RECORDED INFORMATION Block Start

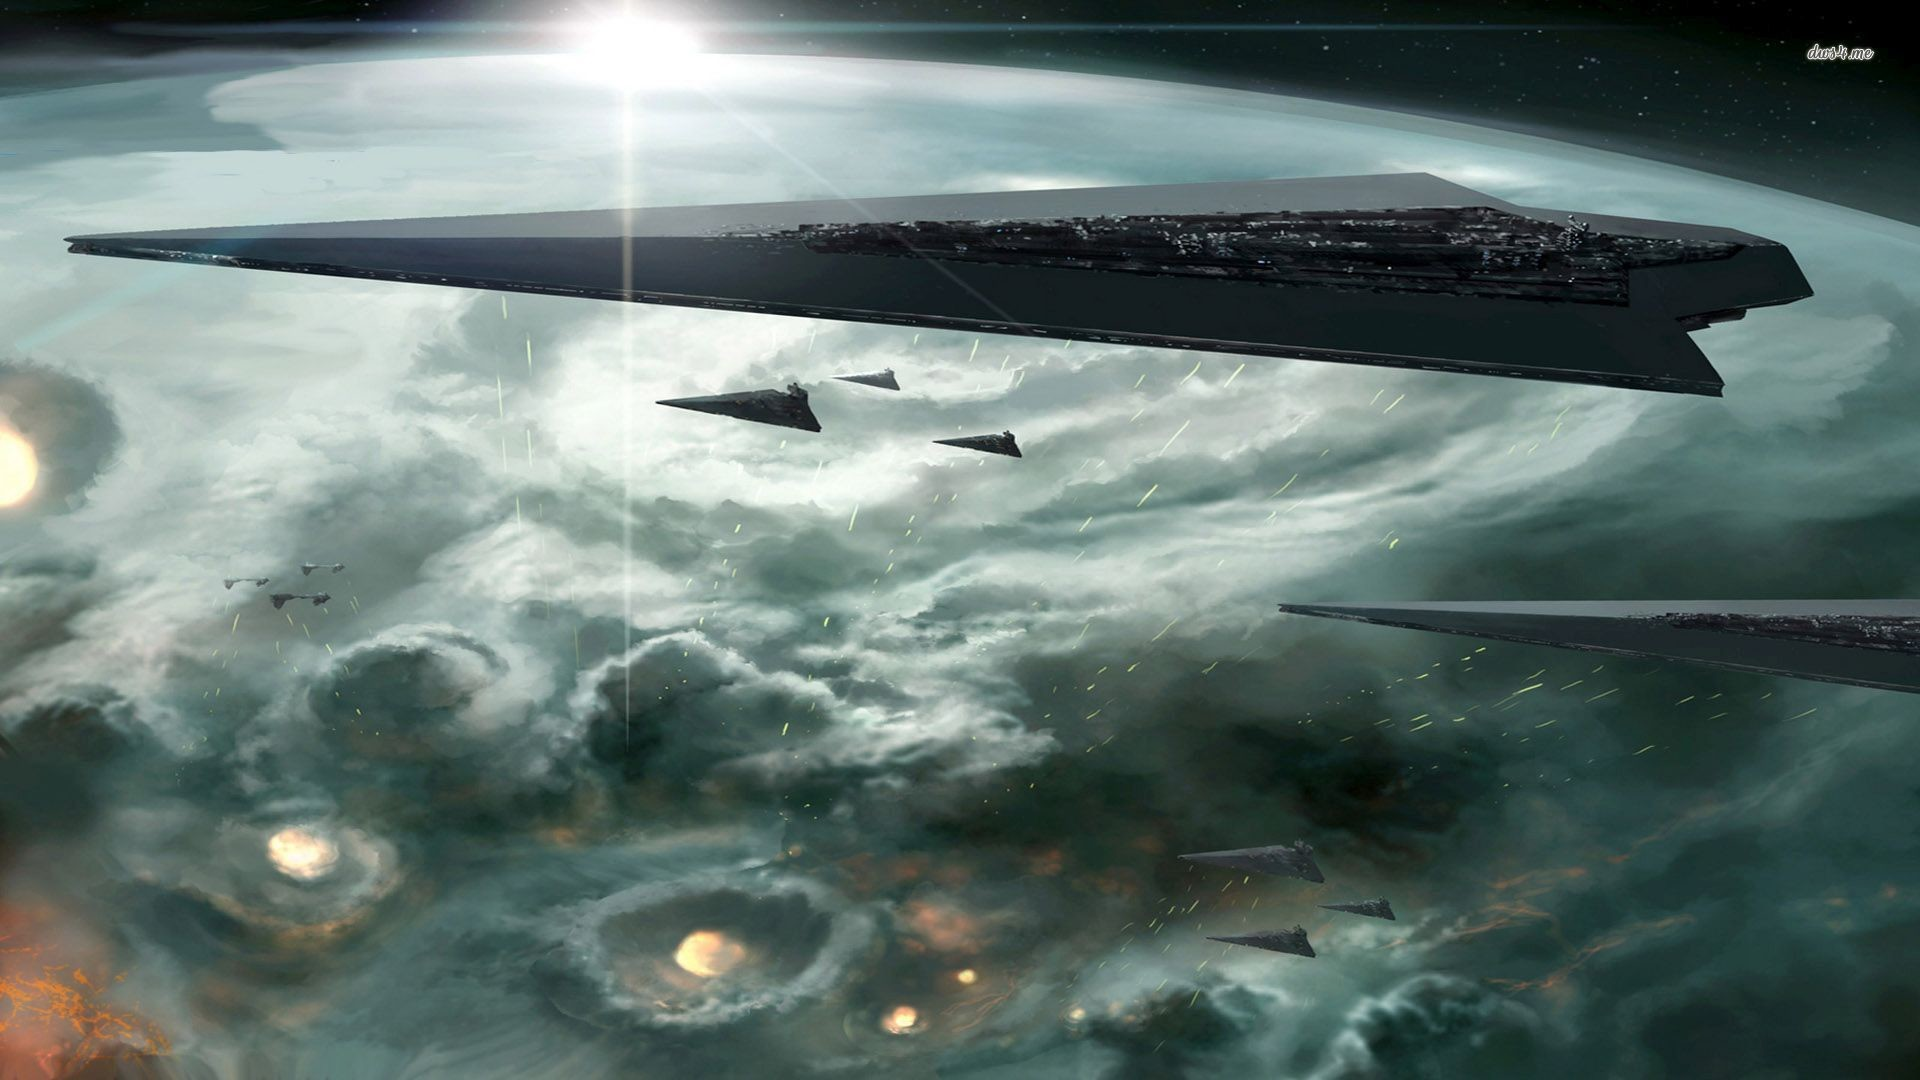 Star Wars Imperial Star Destroyer wallpaper – Movie wallpapers .
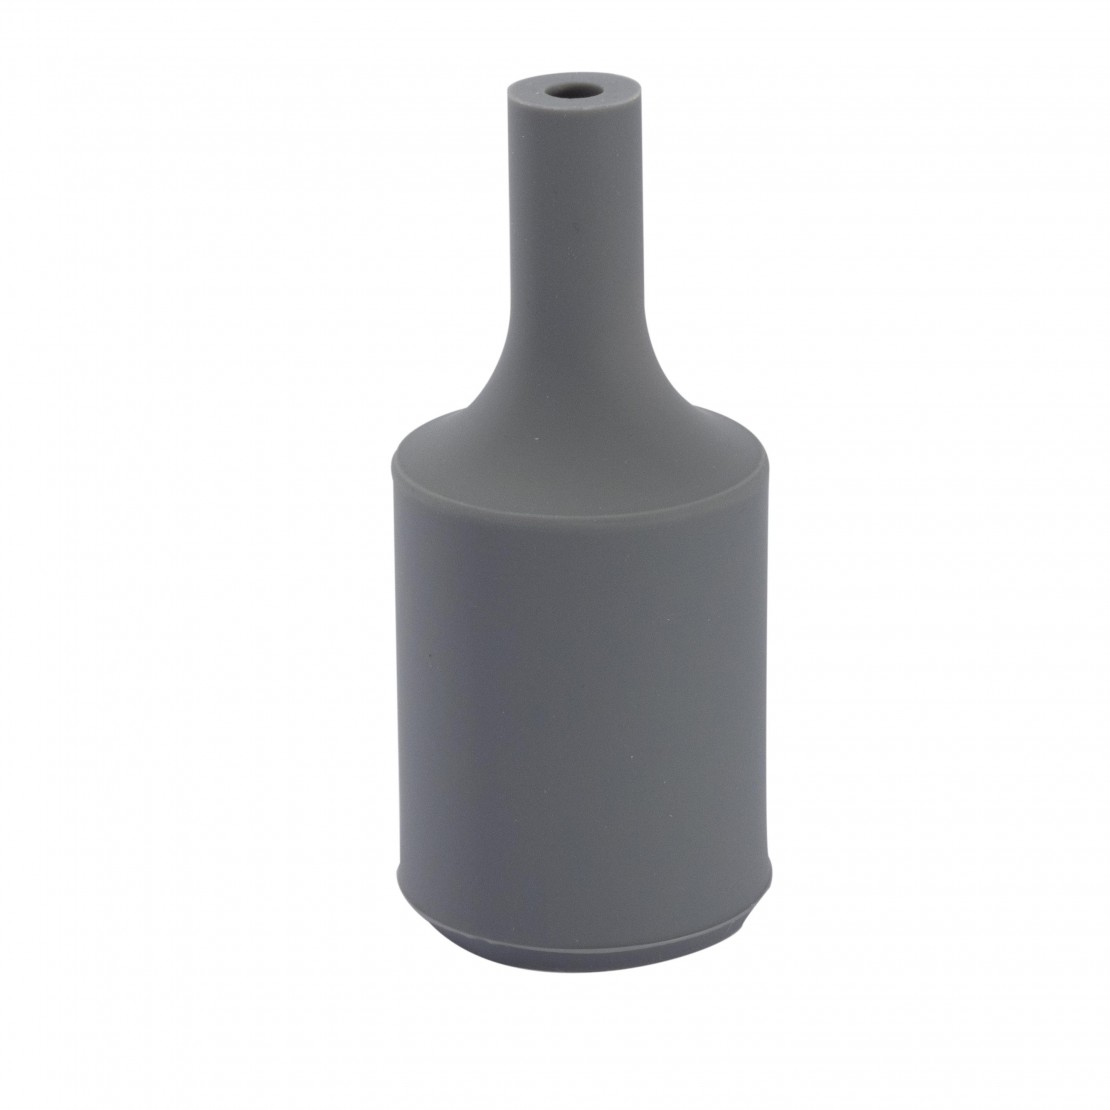 Siliconen lamphouder- clear grijs
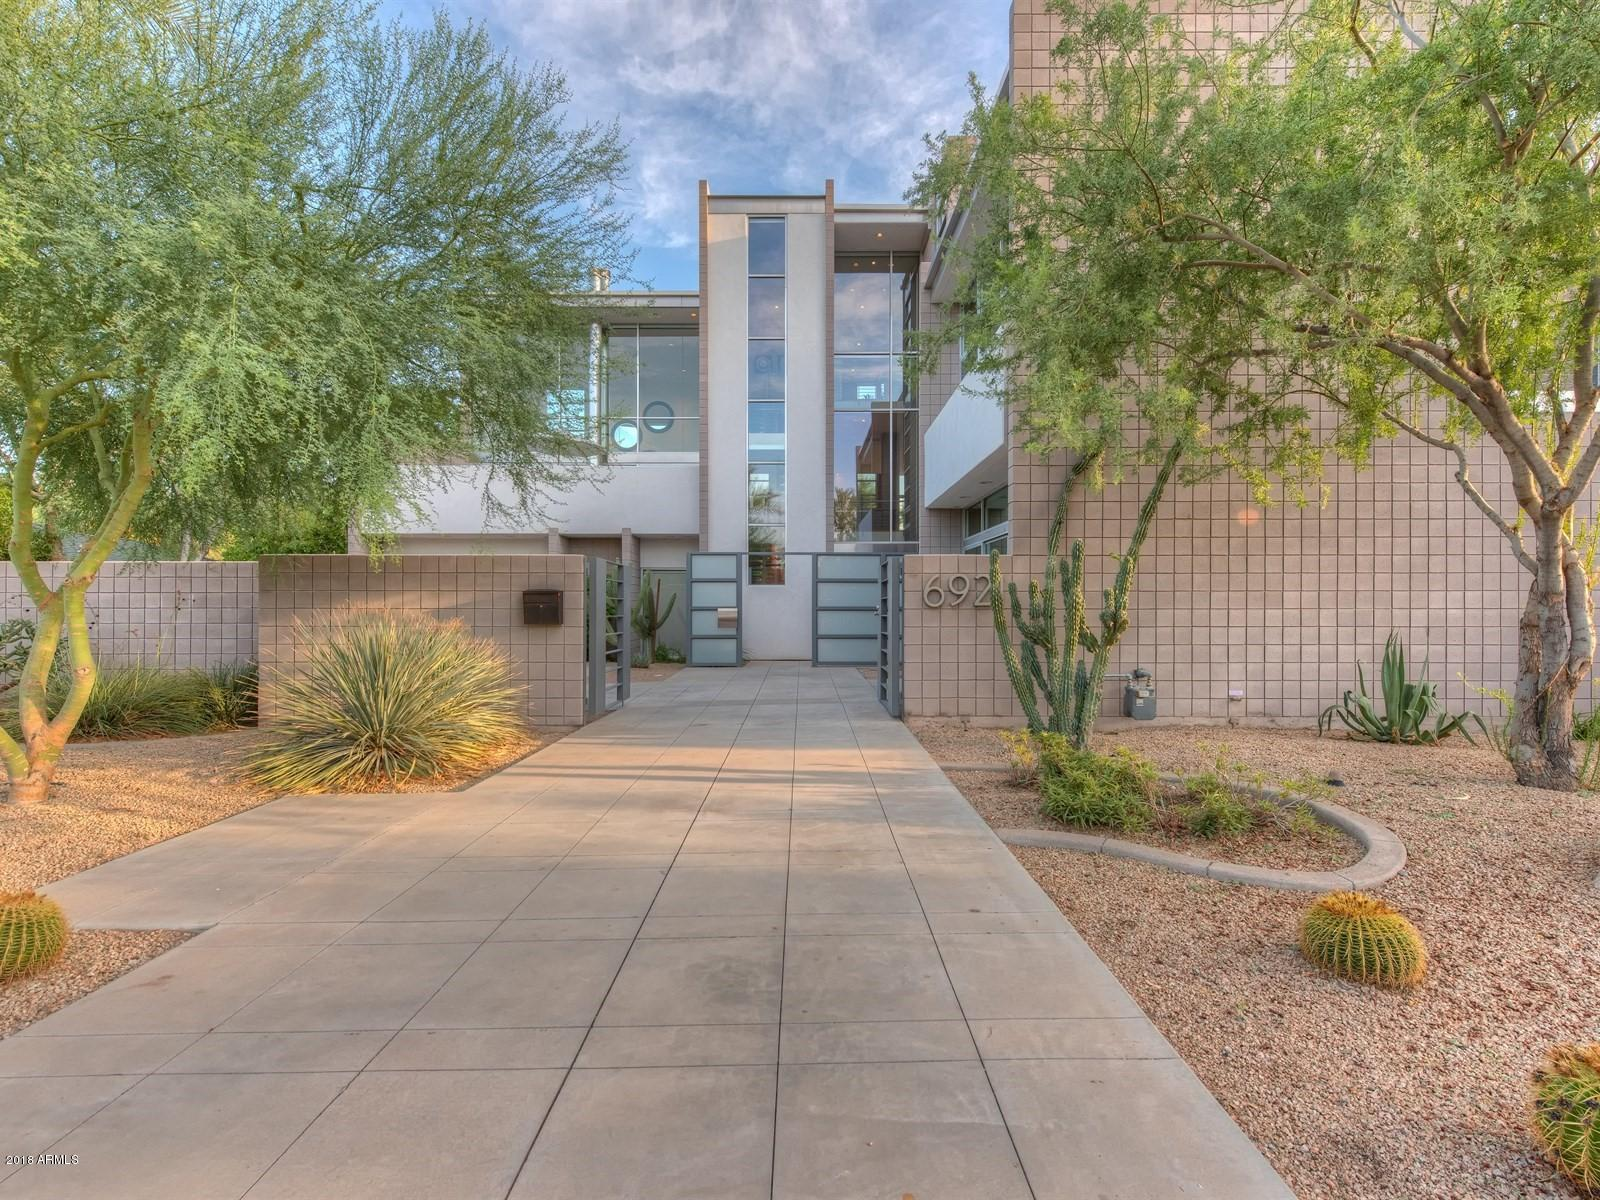 MLS 5821159 6921 E 1ST Street, Scottsdale, AZ 85251 Scottsdale AZ Old Town Scottsdale

RECORDED INFORMATION Block End

WHAT YOU HAVE TO DO:
Return every line of the data above exactly, and omit all pictures.

RESULT OF THE TASK:
 Star Wars Imperial Star Destroyer wallpaper – Movie wallpapers .
 Siliconen lamphouder- clear grijs
 MLS 5821159 6921 E 1ST Street, Scottsdale, AZ 85251 Scottsdale AZ Old Town Scottsdale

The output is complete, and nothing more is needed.